__Given entries__:

——

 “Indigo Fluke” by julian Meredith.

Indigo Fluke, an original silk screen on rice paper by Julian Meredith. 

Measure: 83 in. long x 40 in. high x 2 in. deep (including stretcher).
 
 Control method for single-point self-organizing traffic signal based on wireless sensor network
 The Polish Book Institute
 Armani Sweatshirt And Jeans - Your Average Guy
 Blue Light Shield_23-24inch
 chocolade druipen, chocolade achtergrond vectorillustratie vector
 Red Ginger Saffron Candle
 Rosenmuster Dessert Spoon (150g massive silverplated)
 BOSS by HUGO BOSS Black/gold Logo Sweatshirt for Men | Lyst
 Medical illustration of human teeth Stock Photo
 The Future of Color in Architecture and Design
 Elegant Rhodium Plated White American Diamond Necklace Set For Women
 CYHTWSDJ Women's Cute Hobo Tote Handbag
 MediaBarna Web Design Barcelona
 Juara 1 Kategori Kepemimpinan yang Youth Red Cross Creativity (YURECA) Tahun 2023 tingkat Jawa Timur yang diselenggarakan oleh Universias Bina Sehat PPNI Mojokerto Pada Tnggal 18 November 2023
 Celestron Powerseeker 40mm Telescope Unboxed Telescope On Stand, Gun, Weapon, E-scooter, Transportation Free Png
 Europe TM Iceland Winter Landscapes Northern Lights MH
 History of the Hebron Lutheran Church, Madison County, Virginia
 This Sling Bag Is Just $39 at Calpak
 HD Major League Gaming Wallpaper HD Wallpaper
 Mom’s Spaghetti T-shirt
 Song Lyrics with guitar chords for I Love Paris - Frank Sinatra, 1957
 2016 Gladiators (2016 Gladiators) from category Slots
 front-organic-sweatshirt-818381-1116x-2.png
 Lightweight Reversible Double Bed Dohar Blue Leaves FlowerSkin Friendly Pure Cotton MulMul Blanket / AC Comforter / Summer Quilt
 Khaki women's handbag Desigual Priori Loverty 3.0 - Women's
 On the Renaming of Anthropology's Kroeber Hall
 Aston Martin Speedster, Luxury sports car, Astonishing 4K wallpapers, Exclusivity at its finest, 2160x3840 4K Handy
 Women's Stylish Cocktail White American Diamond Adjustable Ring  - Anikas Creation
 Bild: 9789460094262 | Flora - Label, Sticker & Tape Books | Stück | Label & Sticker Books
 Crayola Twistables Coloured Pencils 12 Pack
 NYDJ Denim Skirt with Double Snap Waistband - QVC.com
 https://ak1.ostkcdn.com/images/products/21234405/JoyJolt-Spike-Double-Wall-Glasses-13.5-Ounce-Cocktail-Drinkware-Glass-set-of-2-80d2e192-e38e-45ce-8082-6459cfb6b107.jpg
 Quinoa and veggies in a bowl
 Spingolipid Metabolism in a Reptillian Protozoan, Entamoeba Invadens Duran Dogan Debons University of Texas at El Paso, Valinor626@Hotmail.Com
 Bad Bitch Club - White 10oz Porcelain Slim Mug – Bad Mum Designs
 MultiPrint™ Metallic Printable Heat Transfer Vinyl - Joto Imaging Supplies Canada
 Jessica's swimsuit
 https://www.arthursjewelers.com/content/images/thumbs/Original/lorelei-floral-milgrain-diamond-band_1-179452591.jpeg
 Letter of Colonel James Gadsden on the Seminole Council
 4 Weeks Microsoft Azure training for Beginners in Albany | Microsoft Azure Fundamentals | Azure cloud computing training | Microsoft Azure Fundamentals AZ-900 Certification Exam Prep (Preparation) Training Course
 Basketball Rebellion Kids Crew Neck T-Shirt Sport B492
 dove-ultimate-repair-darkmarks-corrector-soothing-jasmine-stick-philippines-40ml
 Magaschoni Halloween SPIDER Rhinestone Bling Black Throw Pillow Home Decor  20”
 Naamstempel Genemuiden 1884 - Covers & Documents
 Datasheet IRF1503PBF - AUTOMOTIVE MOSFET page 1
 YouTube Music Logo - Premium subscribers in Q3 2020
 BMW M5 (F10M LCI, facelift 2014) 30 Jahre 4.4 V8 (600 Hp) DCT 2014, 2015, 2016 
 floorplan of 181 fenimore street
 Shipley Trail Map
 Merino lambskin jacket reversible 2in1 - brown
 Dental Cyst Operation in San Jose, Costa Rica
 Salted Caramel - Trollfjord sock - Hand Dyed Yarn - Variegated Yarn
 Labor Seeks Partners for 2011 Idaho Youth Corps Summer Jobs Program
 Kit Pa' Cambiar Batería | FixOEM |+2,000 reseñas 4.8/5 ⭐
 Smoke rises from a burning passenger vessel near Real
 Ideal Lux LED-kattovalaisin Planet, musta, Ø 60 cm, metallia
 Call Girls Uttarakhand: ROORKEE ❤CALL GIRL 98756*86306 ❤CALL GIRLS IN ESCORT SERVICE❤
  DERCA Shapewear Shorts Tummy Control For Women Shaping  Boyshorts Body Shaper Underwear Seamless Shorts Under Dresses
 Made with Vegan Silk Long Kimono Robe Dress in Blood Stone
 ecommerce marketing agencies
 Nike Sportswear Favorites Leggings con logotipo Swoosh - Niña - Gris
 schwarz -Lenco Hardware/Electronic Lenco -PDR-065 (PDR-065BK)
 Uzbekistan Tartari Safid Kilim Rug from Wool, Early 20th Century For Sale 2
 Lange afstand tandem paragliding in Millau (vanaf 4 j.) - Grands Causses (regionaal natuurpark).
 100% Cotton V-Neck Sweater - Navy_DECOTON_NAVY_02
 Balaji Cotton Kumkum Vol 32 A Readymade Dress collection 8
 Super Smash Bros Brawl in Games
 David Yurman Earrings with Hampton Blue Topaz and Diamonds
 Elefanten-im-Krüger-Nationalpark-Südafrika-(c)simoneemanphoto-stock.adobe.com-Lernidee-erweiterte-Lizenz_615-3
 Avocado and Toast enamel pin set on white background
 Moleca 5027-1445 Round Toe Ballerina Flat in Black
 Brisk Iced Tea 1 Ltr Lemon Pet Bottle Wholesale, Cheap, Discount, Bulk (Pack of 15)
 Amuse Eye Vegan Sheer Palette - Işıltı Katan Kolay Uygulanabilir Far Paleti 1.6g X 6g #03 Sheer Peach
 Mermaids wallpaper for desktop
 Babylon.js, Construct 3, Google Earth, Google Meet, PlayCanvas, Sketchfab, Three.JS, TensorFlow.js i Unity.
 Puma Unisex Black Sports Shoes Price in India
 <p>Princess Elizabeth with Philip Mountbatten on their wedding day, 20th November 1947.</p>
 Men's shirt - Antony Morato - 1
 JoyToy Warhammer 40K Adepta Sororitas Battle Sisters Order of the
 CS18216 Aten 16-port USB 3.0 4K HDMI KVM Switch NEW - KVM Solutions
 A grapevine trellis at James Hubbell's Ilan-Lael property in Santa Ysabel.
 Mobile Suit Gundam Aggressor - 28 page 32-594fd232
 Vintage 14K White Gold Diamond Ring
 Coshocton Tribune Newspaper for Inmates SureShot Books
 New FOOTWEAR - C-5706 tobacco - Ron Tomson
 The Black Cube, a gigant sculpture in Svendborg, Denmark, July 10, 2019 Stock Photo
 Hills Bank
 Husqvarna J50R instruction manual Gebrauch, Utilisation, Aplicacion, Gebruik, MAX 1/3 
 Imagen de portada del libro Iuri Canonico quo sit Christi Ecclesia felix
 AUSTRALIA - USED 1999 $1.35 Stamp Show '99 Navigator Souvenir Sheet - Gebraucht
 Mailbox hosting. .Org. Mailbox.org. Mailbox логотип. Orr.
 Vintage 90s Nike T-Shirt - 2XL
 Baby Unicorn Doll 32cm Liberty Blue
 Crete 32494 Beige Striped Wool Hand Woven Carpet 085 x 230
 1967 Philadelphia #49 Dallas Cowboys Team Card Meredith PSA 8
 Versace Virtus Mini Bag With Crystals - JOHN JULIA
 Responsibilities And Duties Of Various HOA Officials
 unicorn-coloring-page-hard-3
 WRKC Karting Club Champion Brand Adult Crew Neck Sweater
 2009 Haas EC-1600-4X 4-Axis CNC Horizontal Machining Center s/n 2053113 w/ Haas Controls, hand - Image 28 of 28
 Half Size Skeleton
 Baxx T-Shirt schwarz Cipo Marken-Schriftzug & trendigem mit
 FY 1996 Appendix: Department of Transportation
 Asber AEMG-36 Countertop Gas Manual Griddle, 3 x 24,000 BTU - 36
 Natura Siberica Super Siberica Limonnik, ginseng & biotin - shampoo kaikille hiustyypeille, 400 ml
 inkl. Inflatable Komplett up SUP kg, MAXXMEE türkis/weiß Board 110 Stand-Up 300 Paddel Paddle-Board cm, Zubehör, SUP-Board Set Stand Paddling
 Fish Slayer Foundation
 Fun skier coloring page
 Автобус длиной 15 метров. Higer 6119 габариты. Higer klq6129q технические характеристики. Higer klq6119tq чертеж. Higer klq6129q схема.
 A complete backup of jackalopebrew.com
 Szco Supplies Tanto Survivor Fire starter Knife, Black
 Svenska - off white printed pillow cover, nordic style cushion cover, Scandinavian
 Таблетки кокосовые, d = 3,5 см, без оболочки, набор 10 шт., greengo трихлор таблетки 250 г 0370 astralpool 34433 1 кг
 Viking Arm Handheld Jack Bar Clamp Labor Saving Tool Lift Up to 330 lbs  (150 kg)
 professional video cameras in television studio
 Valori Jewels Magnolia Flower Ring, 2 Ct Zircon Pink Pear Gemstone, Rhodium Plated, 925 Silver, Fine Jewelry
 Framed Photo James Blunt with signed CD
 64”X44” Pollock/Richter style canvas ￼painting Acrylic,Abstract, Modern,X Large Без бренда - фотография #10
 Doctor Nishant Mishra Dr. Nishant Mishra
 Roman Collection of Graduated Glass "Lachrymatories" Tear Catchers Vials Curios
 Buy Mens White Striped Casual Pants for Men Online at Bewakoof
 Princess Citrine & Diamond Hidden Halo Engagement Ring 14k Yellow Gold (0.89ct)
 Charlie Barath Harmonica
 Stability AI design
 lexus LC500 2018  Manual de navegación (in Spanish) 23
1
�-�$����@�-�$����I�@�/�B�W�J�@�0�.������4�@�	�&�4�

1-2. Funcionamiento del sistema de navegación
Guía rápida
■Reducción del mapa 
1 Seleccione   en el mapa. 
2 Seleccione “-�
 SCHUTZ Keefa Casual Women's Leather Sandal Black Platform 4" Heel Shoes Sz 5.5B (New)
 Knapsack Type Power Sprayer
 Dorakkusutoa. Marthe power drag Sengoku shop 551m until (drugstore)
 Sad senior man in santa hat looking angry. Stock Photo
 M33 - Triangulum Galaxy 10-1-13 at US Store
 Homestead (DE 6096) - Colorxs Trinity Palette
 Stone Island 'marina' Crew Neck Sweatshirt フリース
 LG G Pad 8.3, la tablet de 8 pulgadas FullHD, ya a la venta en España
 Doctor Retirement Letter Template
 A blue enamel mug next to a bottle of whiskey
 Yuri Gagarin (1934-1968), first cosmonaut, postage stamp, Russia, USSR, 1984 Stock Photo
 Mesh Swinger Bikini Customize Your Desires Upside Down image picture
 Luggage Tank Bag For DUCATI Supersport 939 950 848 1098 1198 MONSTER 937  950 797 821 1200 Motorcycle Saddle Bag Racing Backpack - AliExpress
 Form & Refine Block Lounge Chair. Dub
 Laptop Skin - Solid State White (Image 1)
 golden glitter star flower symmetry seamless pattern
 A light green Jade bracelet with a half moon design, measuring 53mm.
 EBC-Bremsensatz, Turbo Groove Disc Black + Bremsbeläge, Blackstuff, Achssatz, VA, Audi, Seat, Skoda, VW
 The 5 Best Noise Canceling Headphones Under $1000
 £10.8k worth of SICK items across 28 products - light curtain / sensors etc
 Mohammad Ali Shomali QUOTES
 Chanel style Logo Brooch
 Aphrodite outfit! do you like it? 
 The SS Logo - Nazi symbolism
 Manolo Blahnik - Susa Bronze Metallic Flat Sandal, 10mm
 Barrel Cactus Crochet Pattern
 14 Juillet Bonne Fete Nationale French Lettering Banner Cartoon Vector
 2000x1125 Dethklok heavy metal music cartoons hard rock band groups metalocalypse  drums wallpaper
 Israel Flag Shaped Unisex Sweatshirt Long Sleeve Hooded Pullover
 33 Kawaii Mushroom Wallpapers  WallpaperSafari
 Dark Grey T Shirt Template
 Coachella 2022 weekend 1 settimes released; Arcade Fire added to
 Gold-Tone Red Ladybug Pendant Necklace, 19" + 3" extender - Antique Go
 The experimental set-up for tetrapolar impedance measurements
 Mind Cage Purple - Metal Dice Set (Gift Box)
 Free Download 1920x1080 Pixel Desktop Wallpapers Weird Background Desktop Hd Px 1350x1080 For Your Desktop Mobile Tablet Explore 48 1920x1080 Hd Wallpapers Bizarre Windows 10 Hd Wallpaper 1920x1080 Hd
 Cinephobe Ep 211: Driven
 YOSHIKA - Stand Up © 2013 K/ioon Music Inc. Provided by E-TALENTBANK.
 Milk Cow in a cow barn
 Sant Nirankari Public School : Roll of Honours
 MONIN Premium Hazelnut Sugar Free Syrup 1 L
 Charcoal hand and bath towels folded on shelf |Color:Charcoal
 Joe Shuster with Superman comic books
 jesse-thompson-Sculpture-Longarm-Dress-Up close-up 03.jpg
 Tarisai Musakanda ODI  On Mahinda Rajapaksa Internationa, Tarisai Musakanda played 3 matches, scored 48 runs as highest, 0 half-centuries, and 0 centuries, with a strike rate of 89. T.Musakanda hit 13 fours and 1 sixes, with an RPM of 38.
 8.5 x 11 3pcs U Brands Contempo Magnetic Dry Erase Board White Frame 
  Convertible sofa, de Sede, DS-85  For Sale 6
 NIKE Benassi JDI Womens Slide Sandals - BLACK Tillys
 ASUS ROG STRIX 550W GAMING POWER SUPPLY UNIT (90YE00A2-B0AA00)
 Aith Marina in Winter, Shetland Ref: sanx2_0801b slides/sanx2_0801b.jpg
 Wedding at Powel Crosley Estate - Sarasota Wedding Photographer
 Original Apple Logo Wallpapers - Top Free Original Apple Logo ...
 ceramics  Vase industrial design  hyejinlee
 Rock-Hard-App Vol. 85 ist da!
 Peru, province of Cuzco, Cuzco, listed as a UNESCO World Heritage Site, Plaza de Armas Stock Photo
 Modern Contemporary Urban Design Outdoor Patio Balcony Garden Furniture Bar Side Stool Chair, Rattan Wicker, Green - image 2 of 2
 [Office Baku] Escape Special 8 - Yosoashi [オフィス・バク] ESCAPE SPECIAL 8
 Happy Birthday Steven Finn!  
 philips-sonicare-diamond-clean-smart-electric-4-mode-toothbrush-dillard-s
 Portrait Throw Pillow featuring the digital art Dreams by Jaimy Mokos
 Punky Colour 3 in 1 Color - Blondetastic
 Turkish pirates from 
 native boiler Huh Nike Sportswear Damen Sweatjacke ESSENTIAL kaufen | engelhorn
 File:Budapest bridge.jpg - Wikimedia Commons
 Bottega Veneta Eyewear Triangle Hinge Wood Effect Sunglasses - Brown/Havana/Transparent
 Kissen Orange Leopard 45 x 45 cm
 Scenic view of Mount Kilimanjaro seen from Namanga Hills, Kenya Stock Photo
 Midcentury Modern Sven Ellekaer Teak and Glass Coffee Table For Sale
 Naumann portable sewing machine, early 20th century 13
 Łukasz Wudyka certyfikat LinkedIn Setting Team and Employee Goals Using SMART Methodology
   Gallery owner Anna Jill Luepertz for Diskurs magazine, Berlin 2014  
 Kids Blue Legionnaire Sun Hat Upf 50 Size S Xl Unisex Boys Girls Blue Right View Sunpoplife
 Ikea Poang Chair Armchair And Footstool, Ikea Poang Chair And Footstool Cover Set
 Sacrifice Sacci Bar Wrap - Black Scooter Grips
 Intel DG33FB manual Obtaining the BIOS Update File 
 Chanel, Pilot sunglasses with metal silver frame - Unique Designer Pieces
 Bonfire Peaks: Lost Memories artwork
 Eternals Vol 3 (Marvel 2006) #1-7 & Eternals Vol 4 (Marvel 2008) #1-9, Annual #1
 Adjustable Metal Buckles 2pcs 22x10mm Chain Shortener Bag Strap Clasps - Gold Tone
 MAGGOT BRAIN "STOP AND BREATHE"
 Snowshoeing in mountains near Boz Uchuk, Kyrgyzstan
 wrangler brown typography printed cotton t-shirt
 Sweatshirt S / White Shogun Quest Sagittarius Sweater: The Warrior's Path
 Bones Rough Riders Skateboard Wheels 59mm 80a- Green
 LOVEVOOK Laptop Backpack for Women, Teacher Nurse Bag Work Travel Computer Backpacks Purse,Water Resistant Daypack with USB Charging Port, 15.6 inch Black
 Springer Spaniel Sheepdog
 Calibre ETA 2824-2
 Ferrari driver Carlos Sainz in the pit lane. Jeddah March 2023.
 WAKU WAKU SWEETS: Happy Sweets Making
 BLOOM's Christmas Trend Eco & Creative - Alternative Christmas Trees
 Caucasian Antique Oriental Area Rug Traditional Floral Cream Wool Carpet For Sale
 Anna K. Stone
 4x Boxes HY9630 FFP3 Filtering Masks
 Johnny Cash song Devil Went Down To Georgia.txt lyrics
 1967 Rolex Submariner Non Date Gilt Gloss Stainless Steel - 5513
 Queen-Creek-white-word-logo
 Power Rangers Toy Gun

——

__Required action__:
Give again, word for word, the records from their first line to the one with "Control method for", and leave out all else.

__Reply to the task__:
 “Indigo Fluke” by julian Meredith.

Indigo Fluke, an original silk screen on rice paper by Julian Meredith. 

Measure: 83 in. long x 40 in. high x 2 in. deep (including stretcher).
 
 Control method for single-point self-organizing traffic signal based on wireless sensor network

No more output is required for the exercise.